3.彼女になれますか?(AKB48チームK)

(衣装)
敗者復活戦:白黒チェックのワンピース

決勝:植物柄の白色のワンピース

(映像:製作者であるやまも氏(@gegegeyamamo)から許可を受けて掲載しております。)

(敗者復活戦)

(決勝)

 まず、敗者復活戦の1曲目からフォーメーションのブレこそあったものの、激しさがあり、「ダンスパフォーマンスを見せつける」という姿勢が感じられた。

 そして、2曲目はシンクロの完璧さ等の高いダンススキルが求められるサビの部分を上手くこなしており、 ダンススキル面での伸びが圧倒的であった。

 最後はチーム名とも関連の深い「彼女になれますか?」だったが、メンバーの理想のデートを収録した背景映像を含めた上で、うまくセットリストを着地させていたのが印象的であった。

 このような「映像・衣装の城カノが"ダンス"を見せつける」というメッセージが観客に上手く伝わったためか、予選は見事トップ通過。

 トップ通過を経て、臨んだ決勝のトリでは、事前に告知していた原点とも言える「乃木坂46」を前面に出したセットリストで、観客を魅了していた。

 特に前回の敗者復活戦でも披露した命は美しいは今回初めて城カノを見る人も昔から城カノを見る人も圧巻した。
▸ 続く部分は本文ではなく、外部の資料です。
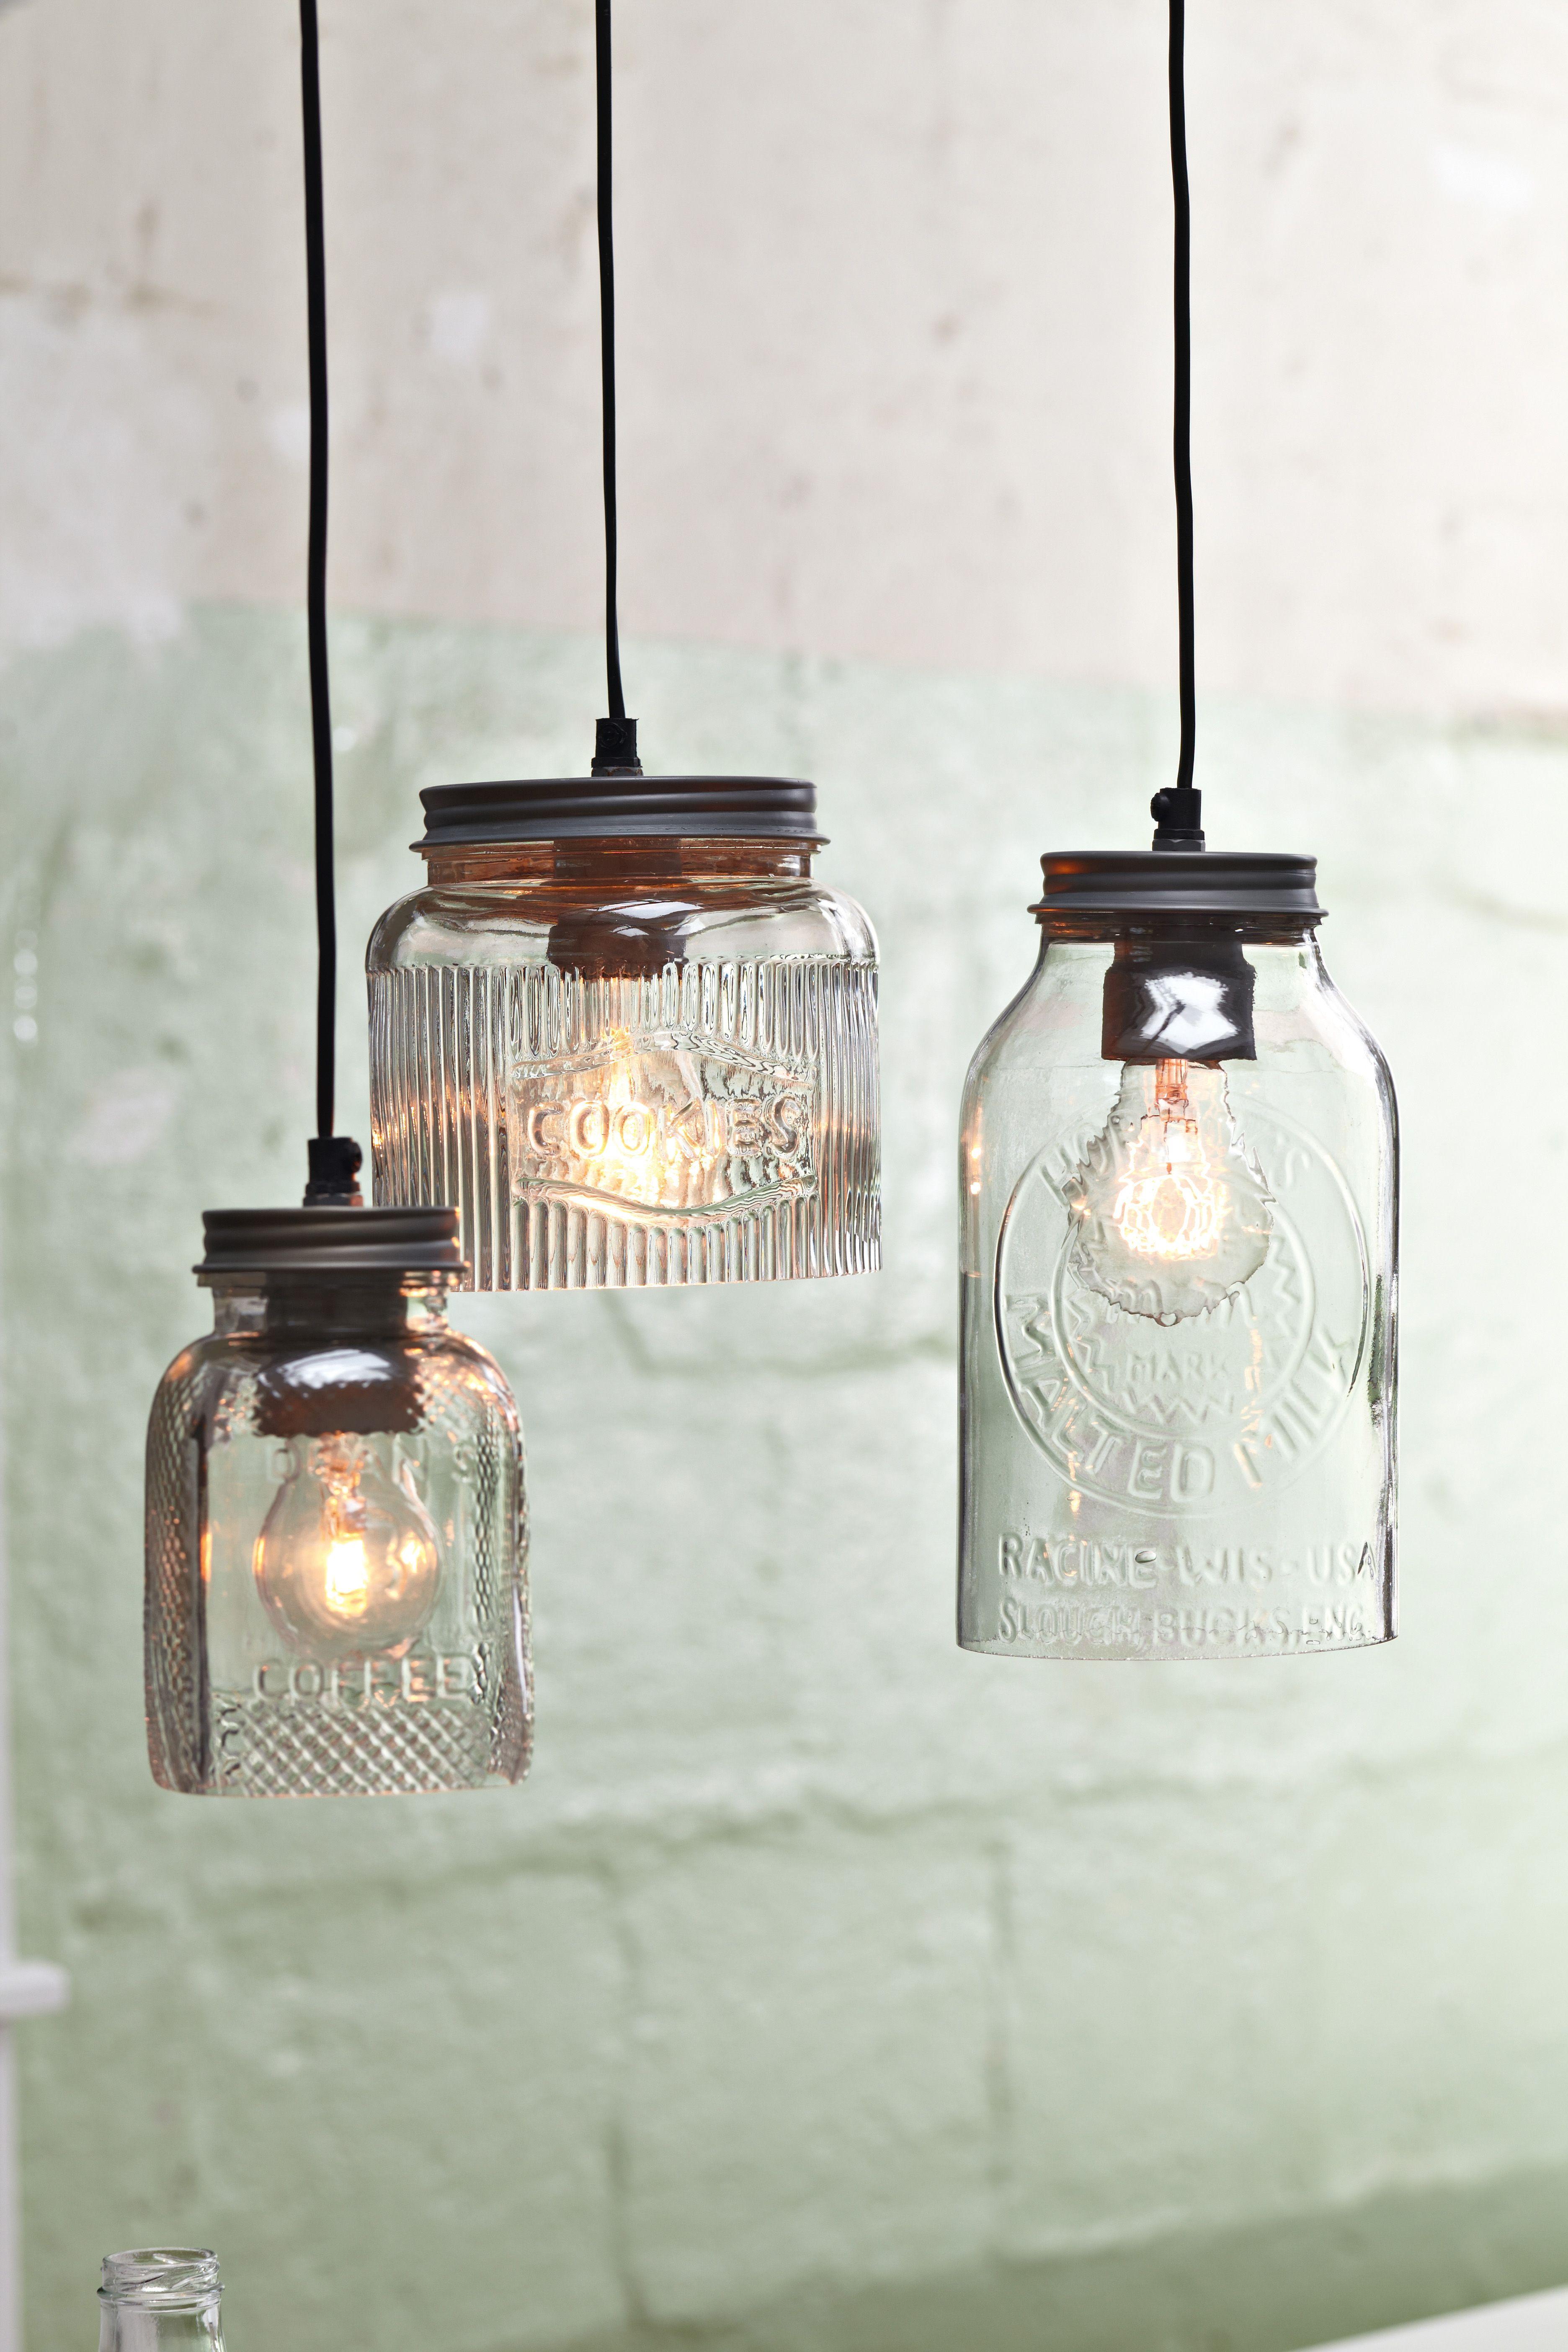 Good Marmeladengl ser als Lampe mason jar lamp impressionen moebel licht

 このチームは前回大会から追ってみて、大会ごとに様々なものを見せてくれるチームなのだが、今回は就職活動に伴って初めて”次世代”がメインになる大会だけあってか、freshの4位入賞も踏まえて、"下克上"が一番期待できたチームであった。

 今回の決勝進出は敗者復活戦1位通過を経ての事であったため、ファン並びにチームにとって今回の大会は100%の出来とはいえなかったかもしれないが、歴代の敗者復活戦1位通過のチームには

・第3回敗者復活戦1位通過後、2大会連続で準優勝を勝ち取ったドルクラ

・第4回敗者復活戦1位通過後、第1回fresh優勝、第5回2部1位通過&優勝を果たしたCopia

といった具合で、その後の大会において強豪チームに名を連ねることとなったケースがある。

 更に、今回は最終的に総合6位という結果となり、敗者復活戦から勝ち上がったチームであっても、ストレートで勝ち上がったチームと対等に渡り合えることを証明してくれた。

 それに、このチームには様々なイベントを通じて獲得した「ユニドルそのもの以上に城カノが好き」というファンが多く、関西ユニドルの強豪Cotton candyや関西ユニドルの新星Pichicartに通ずるものがある。

 したがって、城カノは夏大会において100%どころか200%の出来が期待できるであろう。